Electroencephalogram studies, while almost always abnormal (98% of cases), are usually not diagnostic. The most common findings are diffuse or generalized slowing or frontal intermittent rhythmic delta activity. Prominent triphasic waves, focal slowing, epileptiform abnormalities, and photoparoxysmal and photomyogenic responses may be seen.

A study from 2006 suggested the following diagnostic criteria:
1. Encephalopathy with cognitive impairment and at least one of the following features:
  - neuropsychiatric symptoms (e.g. hallucination, delusion or paranoia)
  - Myoclonus, generalised tonic-clonic or partial seizures
  - focal-neurological deficits
2. Elevated titres of thyroid tissue antibodies (TPO-ab or microsomal)
3. Euthyroidism (potentially achieved by treatment with L-T4 or L-T3) or mild hypothyroidism with TSH concentration below 20 mIU/L
4. No evidence for infectious, toxic, metabolic or neoplastic processes in blood, urine or CSF analyses
5. No serological evidence for neuronal antibodies (e.g. voltage-gated calcium channel, voltage-gated potassium channel, or other currently recognized paraneoplastic antibodies) to support another diagnosis
6. In imaging studies no evidence for vascular, neoplastic or structural lesions that might explain the symptoms
7. Complete or nearly complete remission after initiation of glucocorticoid therapy.

=== Definition ===

A relapsing encephalopathy occurs in association with autoimmune (Hashimoto's or Ord's thyroiditis), with high titers of antithyroid antibodies.
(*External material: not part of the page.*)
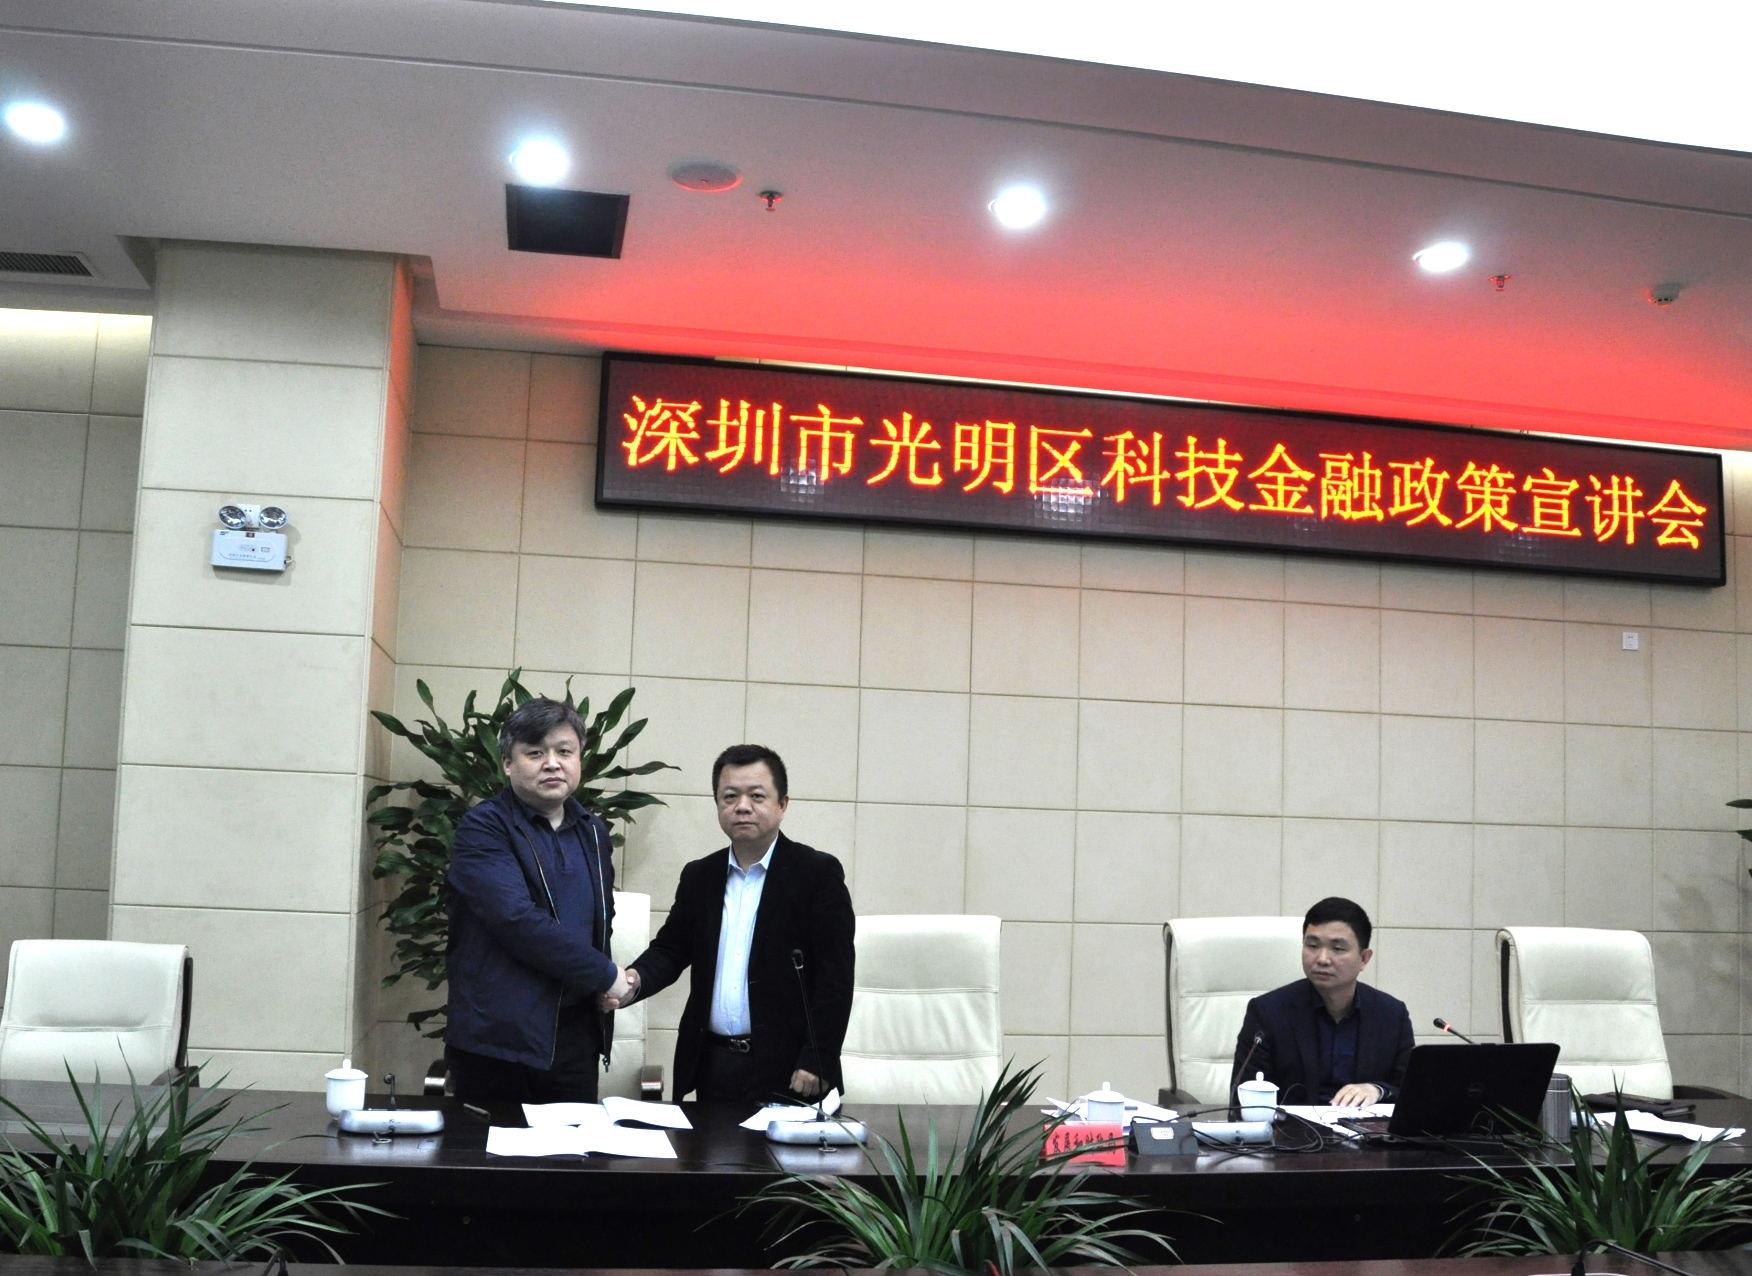 深圳光明沪农商村镇银行成为深圳市光明区科技金融项目签约银行

Clinically, the condition may present one or more symptoms. Onset is often gradual and may go unnoticed by the patient and close associates to the patients. Symptoms sometimes resolve themselves within days to weeks, leaving a patient undiagnosed. For many other patients, the condition may result in ongoing problems with a variety of manifestations, often confusing clinicians due to the diffuse nature of symptoms.

=== Differential diagnosis ===

- Alzheimer's disease
- Cerebrovascular accidents (stroke)
- Creutzfeldt–Jakob disease
- Epilepsy
- Migraine (including basilar, hemiplegic, and retinal types)
- Other forms of autoimmune encephalitis, including forms of limbic encephalitis such as anti-NMDA receptor encephalitis
- Schizophrenia
- Spontaneous cerebrospinal fluid leak
- Viral encephalitis
- Transient ischemic attack

== Treatment ==

Because most patients respond to corticosteroids or immunosuppressant treatment, this condition is now also referred to as steroid-responsive encephalopathy.
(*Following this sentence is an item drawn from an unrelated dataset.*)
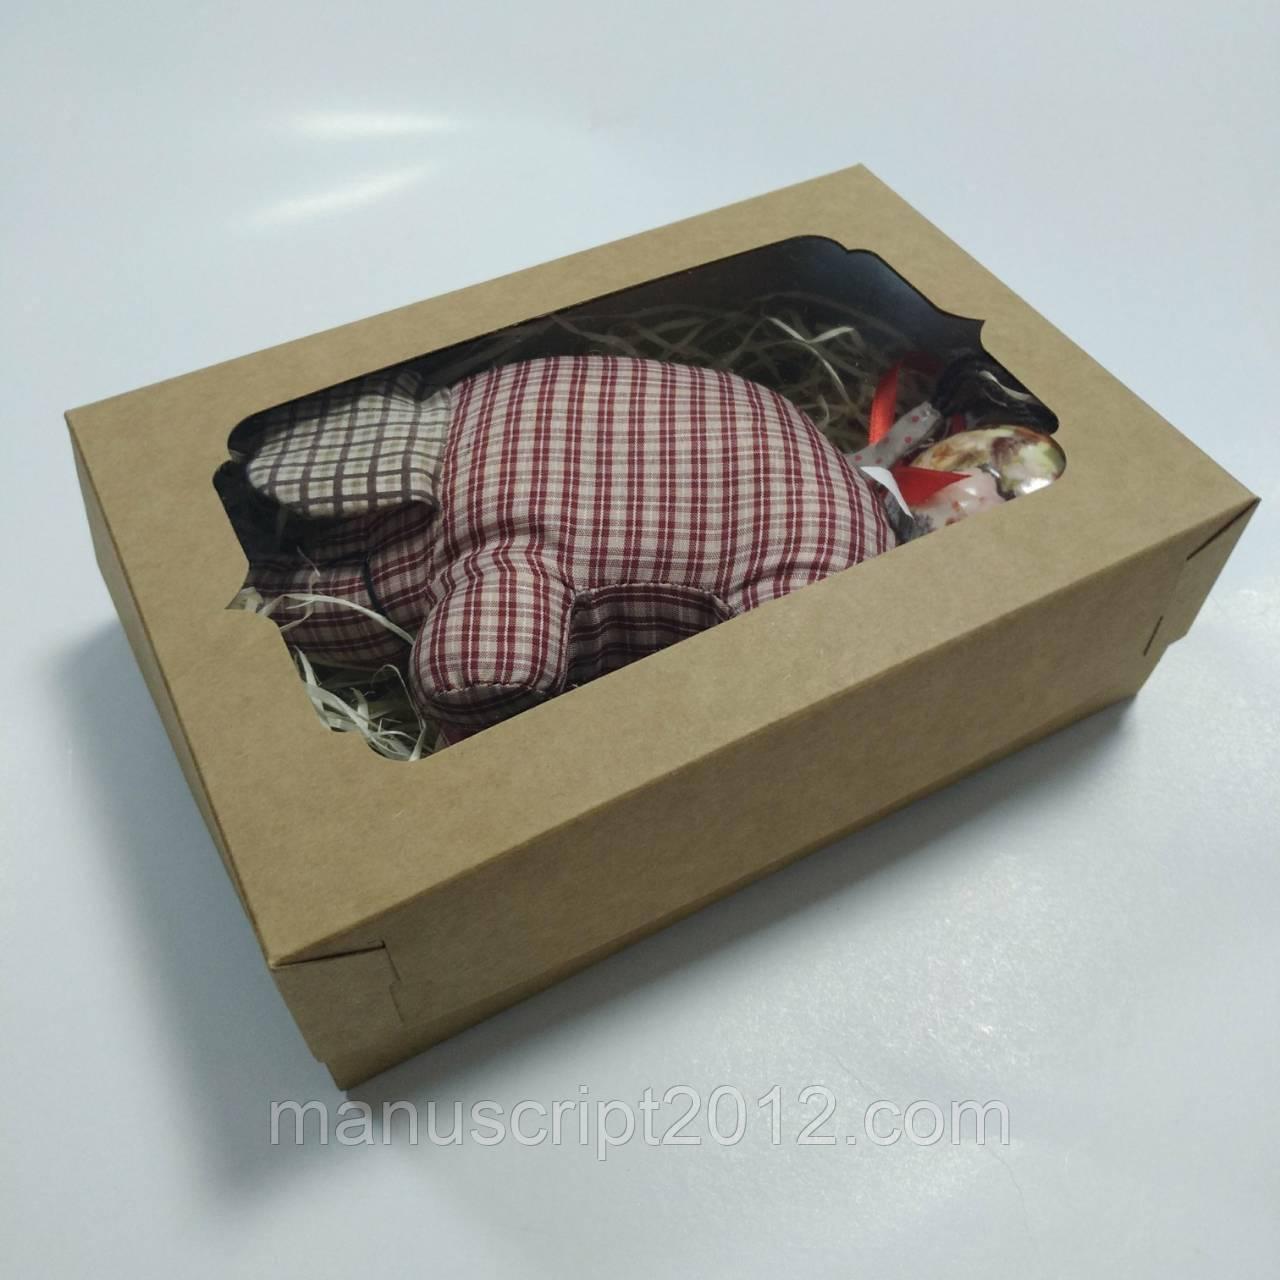 Коробка крафт для подарков и сувениров 250х170х80 мм

Initial treatment is usually with oral prednisone (50–150 mg/day) or high-dose intravenous methylprednisolone (1 g/day) for 3–7 days. Thyroid hormone treatment is also included if required. Failure of some patients to respond to this first-line treatment has produced a variety of alternative treatments, including azathioprine, cyclophosphamide, chloroquine, methotrexate, periodic intravenous immunoglobulin, and plasma exchange. No controlled trials have been conducted, so the optimal treatment is not known.
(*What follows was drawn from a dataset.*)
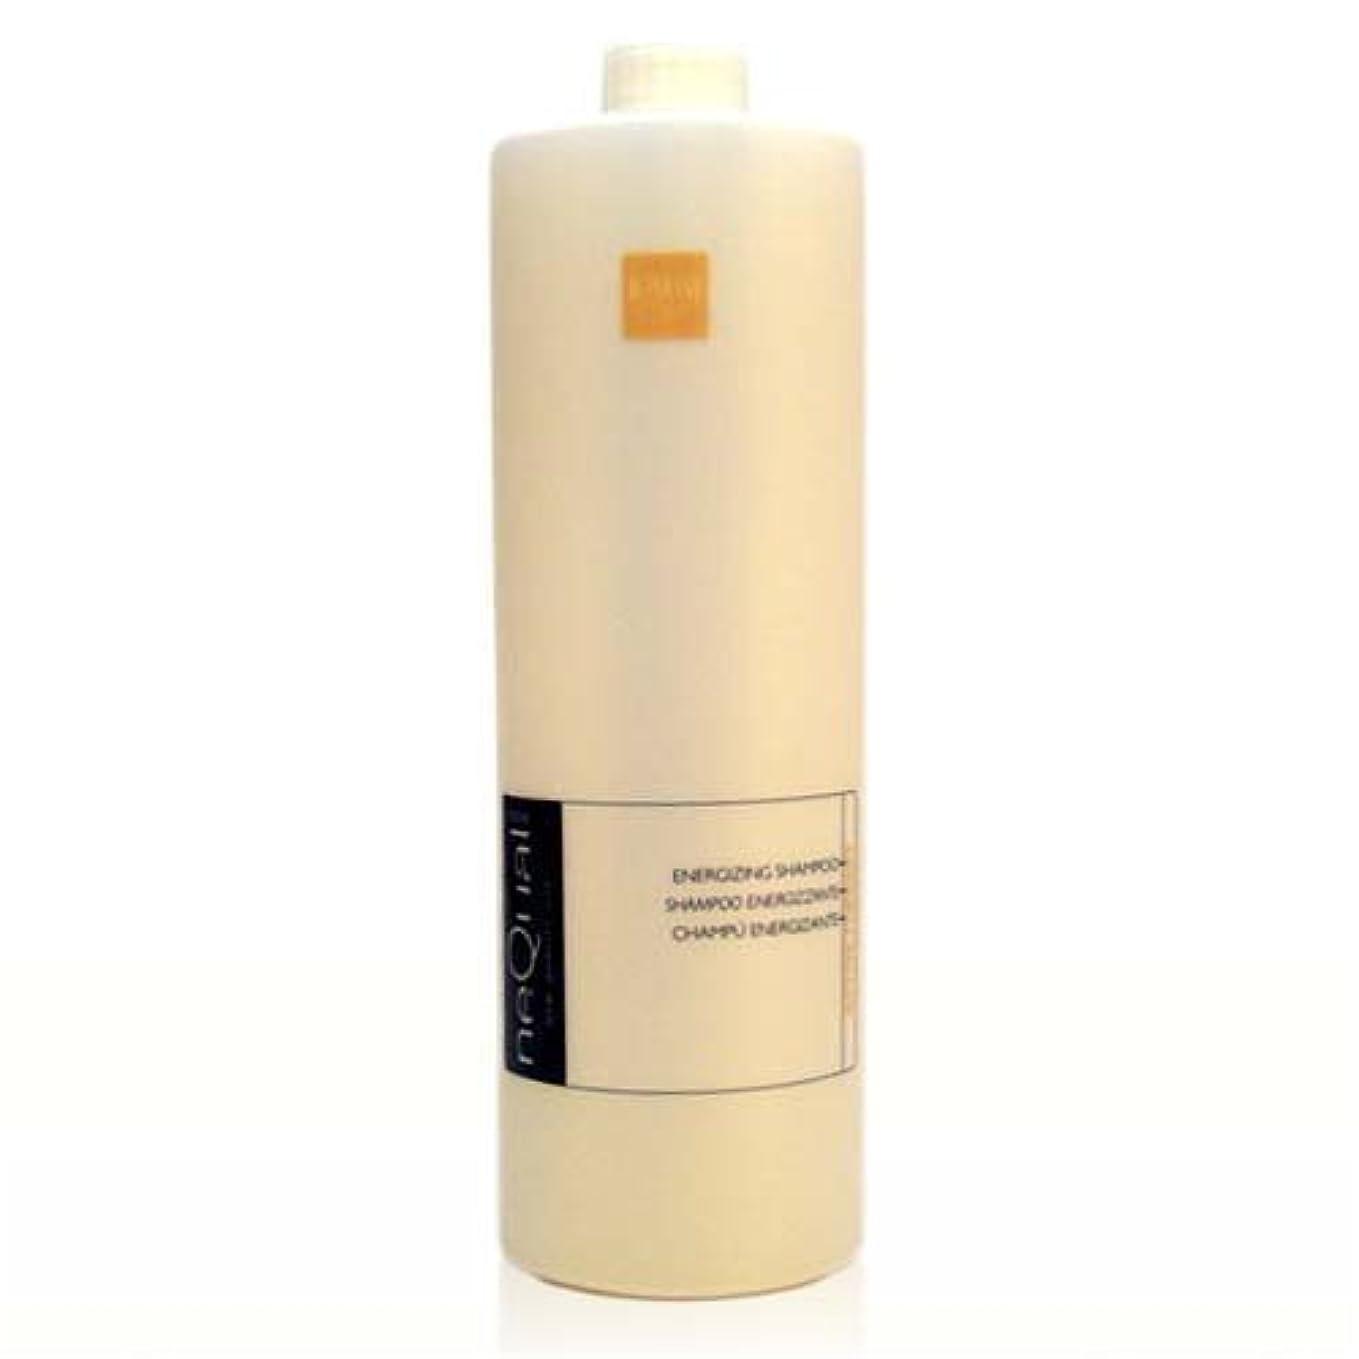 頭書く太字Body Care / Beauty Care Alter EGO Energizing / Prevention Shampoo for Hair Loss & Growth 1000ml Bodycare / BeautyCare by Sponsei

Seizures, if present, are controlled with typical antiepileptic agents.

== Prognosis ==

Duration of treatment is usually between 2 and 25 years. Earlier reports suggested that 90% of cases stay in remission after discontinuation of treatment, but this is at odds with more recent studies, which suggest that relapse commonly occurs after initial high-dose steroid treatment. Left untreated, this condition can result in coma and death.

== Epidemiology ==

The prevalence has been estimated to be 2.1/100,000 with a male-to-female ratio of 1:4. The mean age of onset is 44 with 20% of cases presenting before the age of 18 years. Most reported cases occur during the patient's fifth decade of life.

== History ==

The first case of HE was described by Brain et al. in 1966. The patient was a 48-year-old man with hypothyroidism, multiple episodes of encephalopathy, stroke-like symptoms, and Hashimoto's thyroiditis confirmed by elevated antithyroid antibodies.